We spent time worrying about the potential of other difficulties or medical problems especially having been told his MRI had showed ‘white matter’ and ‘changes’ on his brain. We didn’t know what to expect and there seemed so little knowledge or understanding about CMV within the medical profession. Initially, it felt like we had a lifetime of unknowns ahead and little support from anyone to reassure us otherwise. It took time to realise and learn that rather than constantly worry, it was far better to focus on enjoying all the positive moments with Tom.
Off to School
For me as Tom’s Mum, I felt so guilty that I had carried a virus and then passed this onto Tom causing a permanent disability. I have never truly got over this and still feel moments of guilt, particularly when Tom faces something challenging in his life because of his hearing loss.
We had never heard of CMV until Tom was diagnosed and neither had our Health Visitor.
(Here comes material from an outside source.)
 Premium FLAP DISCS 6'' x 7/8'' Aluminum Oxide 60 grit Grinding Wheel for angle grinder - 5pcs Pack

On the whole, the healthcare Tom has received has been exemplary. The audiology team around him when he was diagnosed with his hearing loss were excellent in their approach and support to both Tom and us as a family. Apart from the initial issue, discussed above, regarding Tom’s implants, the implant centre team have also provided excellent professional support over the years.
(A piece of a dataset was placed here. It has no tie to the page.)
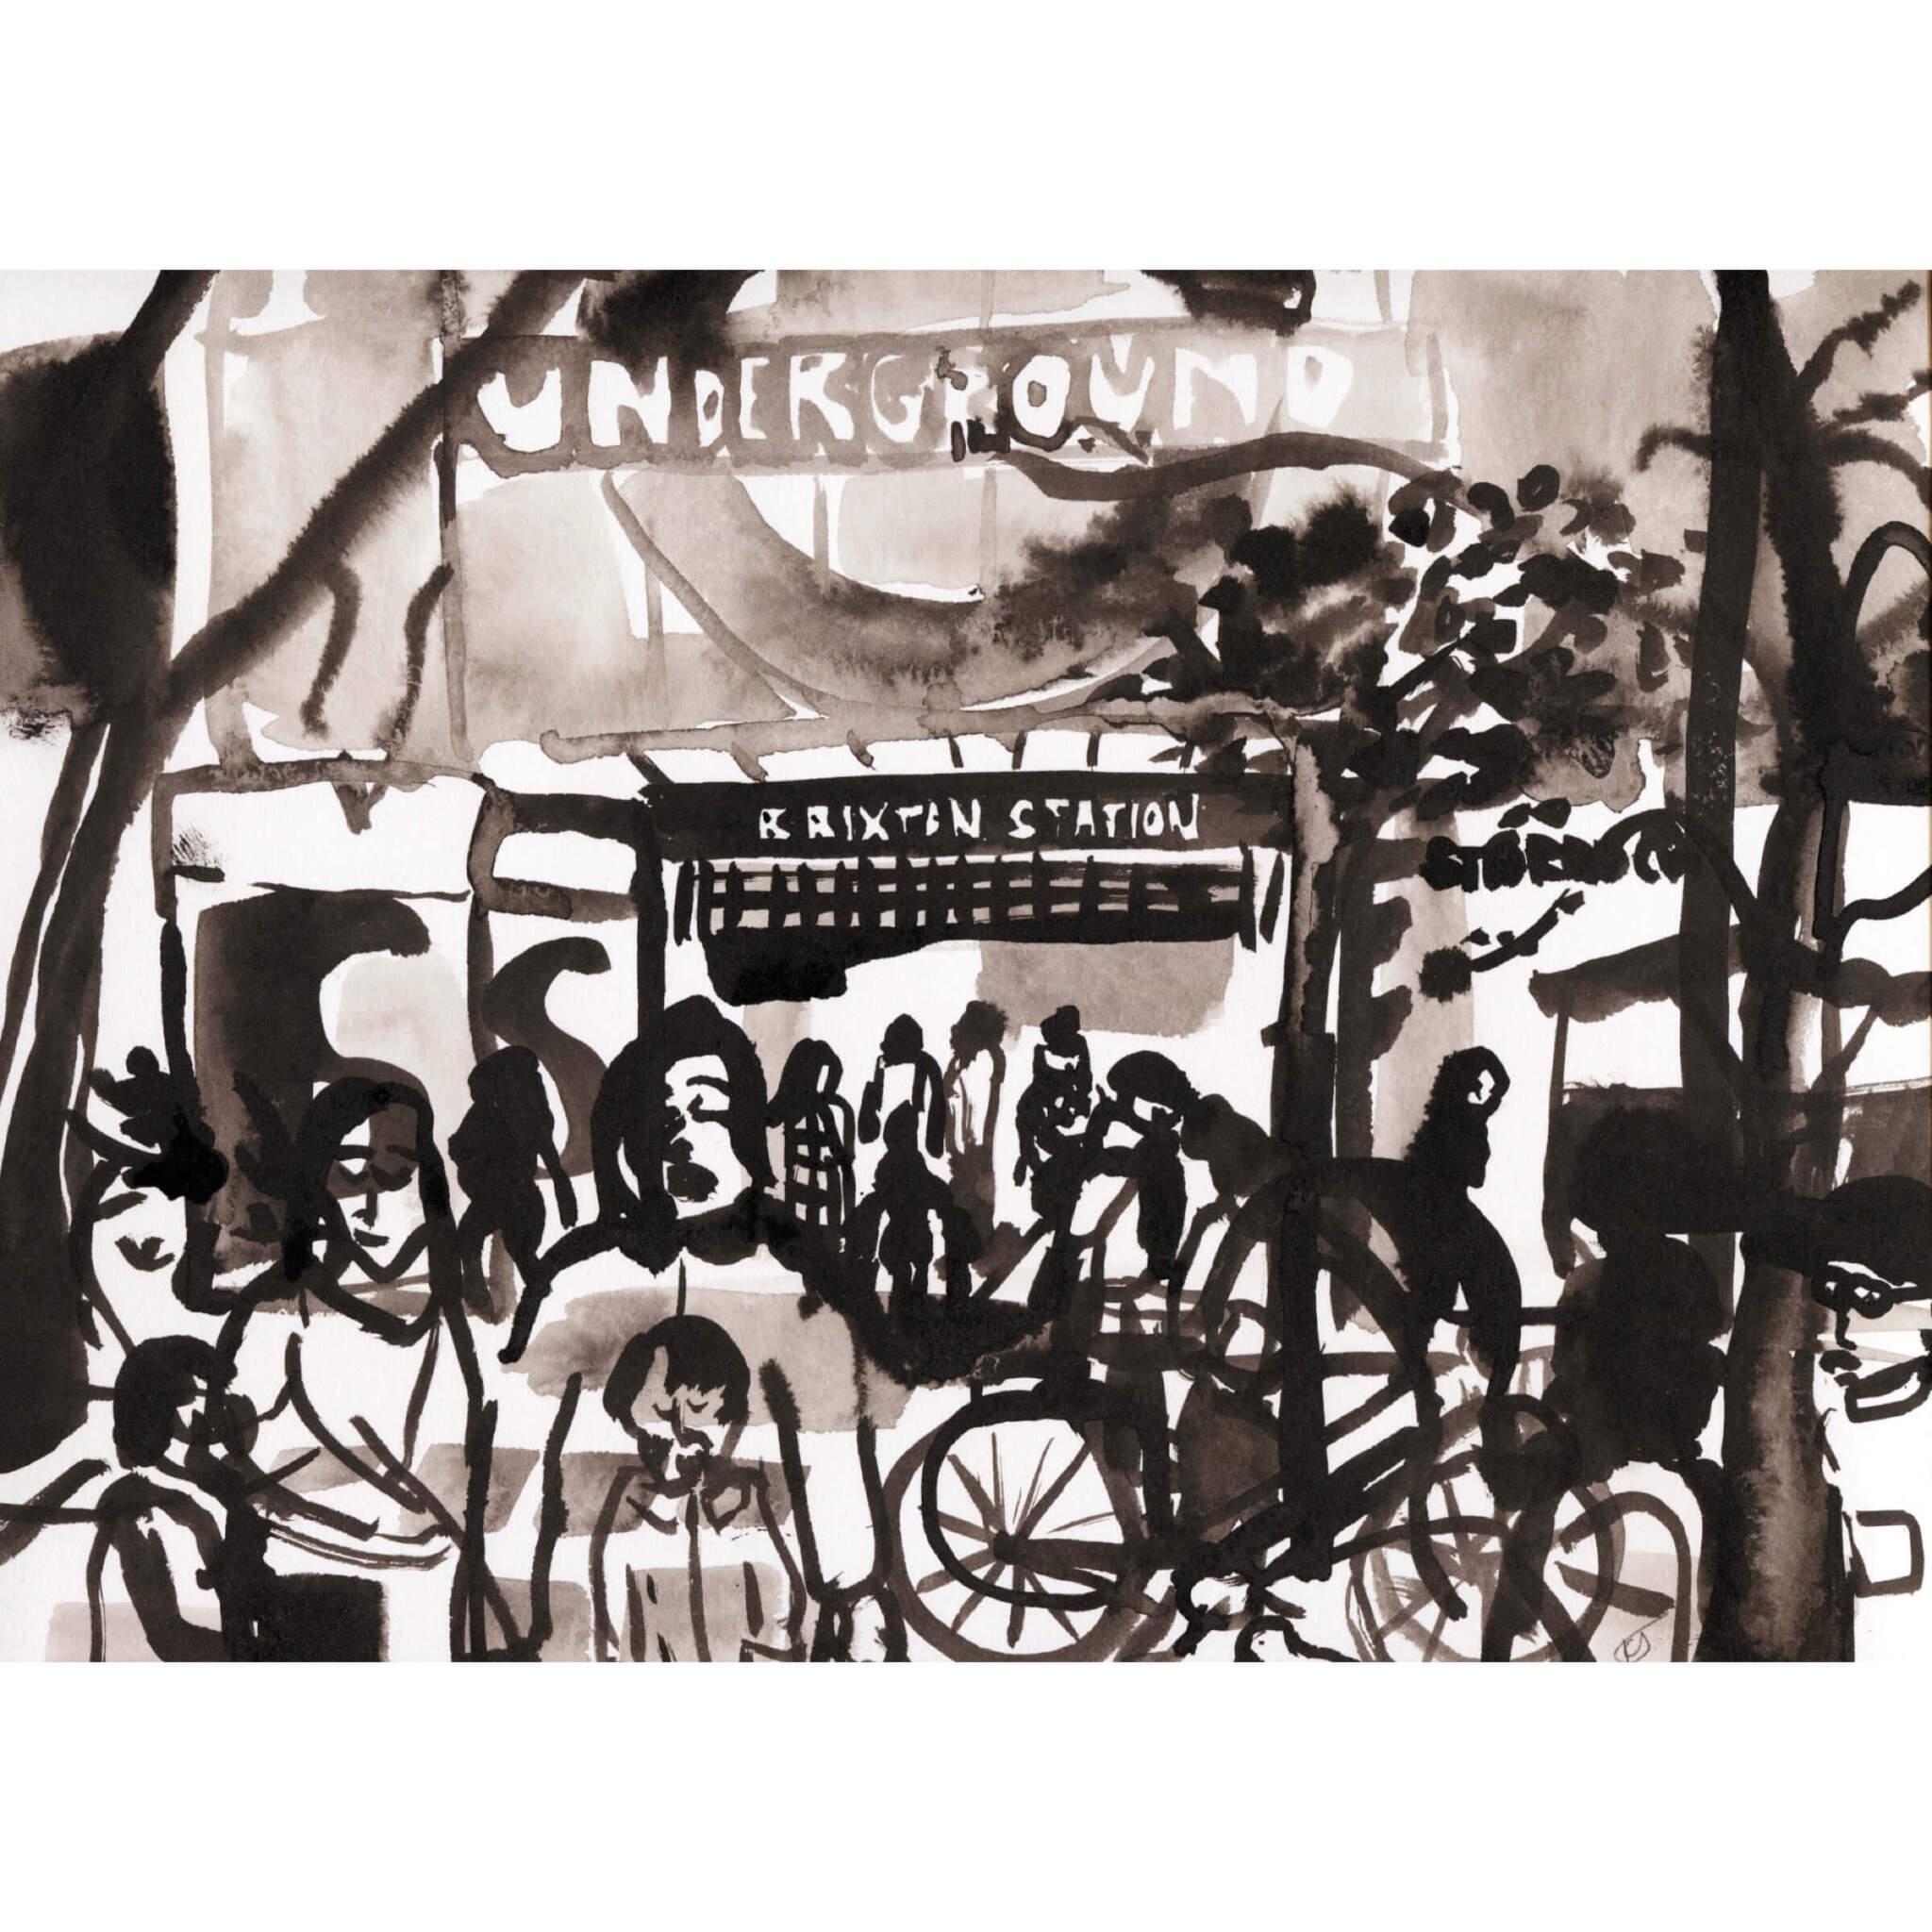 IMG 8755 - Brixton Underground by Kirsty Jones

However, there was little support specifically regarding CMV. The consultant pediatrician delivered the diagnosis in a sensitive and professional manner, but had little information or advice to give us. Apart from a follow up appointment one year later with the pediatrician (Tom aged 3), there has been no further support or appointments regarding the CMV.
Tom’s strength
Stand out moments have to be Tom’s own determination and resilience. He has a passion for sport and never lets his hearing loss (or his Type One Diabetes) stop him. Over the last 2 years Tom has been part of the FA Para Regional Talent Programme (Football) following selection at a regional event. Tom attends 4 regional training days with FA coaches and trains alongside young people with either hearing loss, vision impairment or cerebral palsy, with the long-term goal to play for the England Men’s Deaf Football Team! Tom also plays football for his local mainstream team, having been a valued member of the team for over 6 years and this season was made Vice Captain. Over the years he has won the Most Improved Player and Players’ Player trophies – both twice. Tom is currently working towards his Silver Duke of Edinburgh Award and last year was awarded a Certificate of Recognition in the National Duke of Edinburgh Boundary Breaker of the Year category after his teacher nominated him following his Bronze expeditions. After spending two weekends away with Tom, his teacher remarked on just how many challenges Tom faces in his everyday life and how resilient he is.
A message for other parents and families of children living with cCMV
You are not alone
Although it may feel like that in the early days when you feel overwhelmed and bewildered by the world of CMV- there truly are other parents and families who understand. It is ok to feel upset or frustrated. Enjoy your child. Try not to get too focused on the unknowns of CMV. Look for and celebrate the many moments of joy, the successes and achievements and, although CMV doesn’t define our children and young people, know that these moments are always that extra bit special because of the challenges our children have overcome.